Egan Bernal also won’t be racing due to a nagging knee problem, but the newly aggressive Ineos Grenadiers will bring Tom Pidcock, two-time winner Kwiatkowski, and Magnus Sheffield. Pello Bilbao will lead Bahrain Victorious, with Tim Wellens leading for UAE Team Emirates.
Alpecin-Deceuninck’s Mathieu van der Poel is the only “big” starting this year, though former winners Julian Alaphilippe (Soudal Quick-Step), Tiesj Benoot (Jumbo-Visma) might argue with that.
In both races, it will be interesting to see if long-distance attacks that have worked well in the past from such riders as Pogačar and Van Vleuten will carry the day, or if there will be a more select group of riders arriving at the final wall into Siena with chances for the win.
Weather forecast: Cool, breezy
Fair spring weather typically holds for Strade Bianche, with only one recent edition of the race ending up with muddy tracks in 2018.

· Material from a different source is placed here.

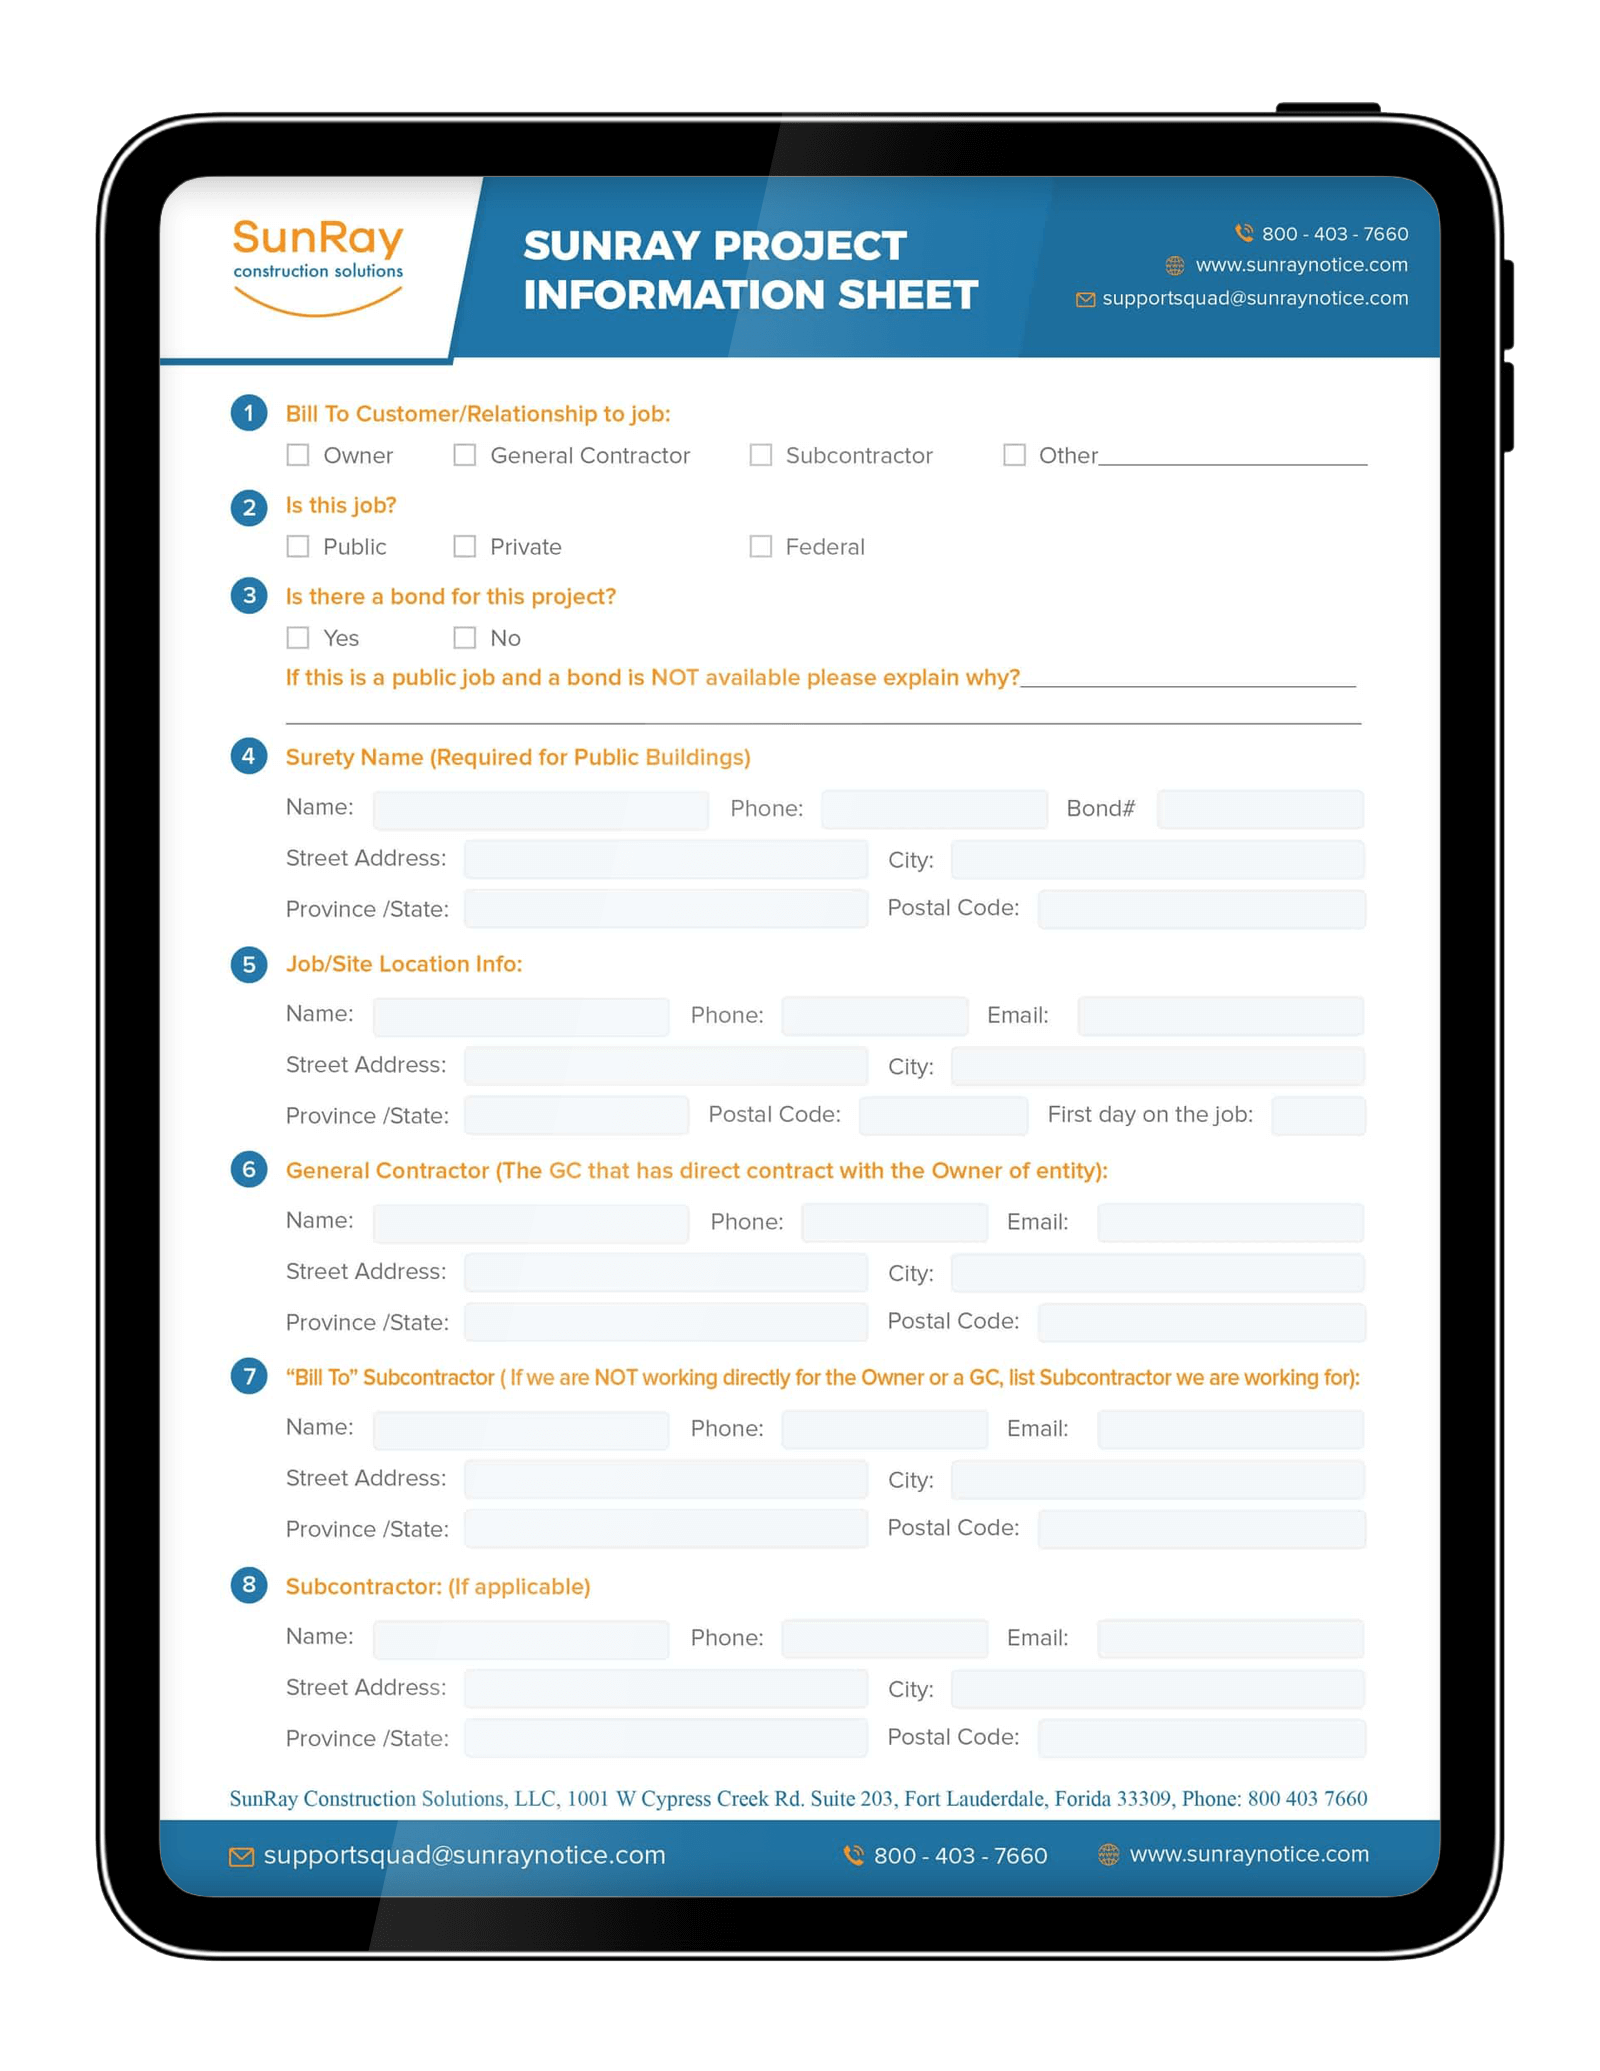 SunRay Project Information Sheet

Last year, strong winds proved decisive and helped provoke the high-speed crash that sent Alaphilippe catapulting over his handlebars.
On Saturday, forecasters are calling for sunshine and mixed with clouds. Riders will see cold temperatures in the morning of around 2C before warming up to around 14C in the afternoon.
Forecasted showers Friday could tamp down some of the dust and make for a gripper race, and there’s only a 15 percent chance of showers Saturday.
Winds will be from the north and northeast, meaning tailwinds going out, and mostly head and crosswinds as the course loops back toward Siena.
It’s not expected to be a repeat of last year’s race-impacting gusts, but winds will pick up as the afternoon unfolds, ranging from 10km/h to 15km/h.
How to watch
There will be plenty of viewing options for the Italian classic.
Be sure to check with local listings. Declan Quigley and Matthews Stephens will be calling the international feed, while different broadcasters will have different teams as well.
GCN+ will be broadcasting live portions of the women’s and men’s races for its U.S. and European subscribers, starting at 11:30 a.m. (CET) and continuing through the end of the men’s race. Eurosport will also be broadcasting both races across its networks in Europe.
SBS is picking up the race in Australia, while RAI is broadcasting the race live in Italy.
Sign-on for the women’s race is from 8:05 a.m. to 9:20 a.m., with the race start at 9:25 a.m. (all times CET). The estimated finish in Siena is at 1:30 p.m. local time.
Sign-on for the men’s race is from 10:20 a.m. to 11:35 a.m., with the race start at 11:40 a.m. The estimated finish in Siena is around 4:30 p.m. local time.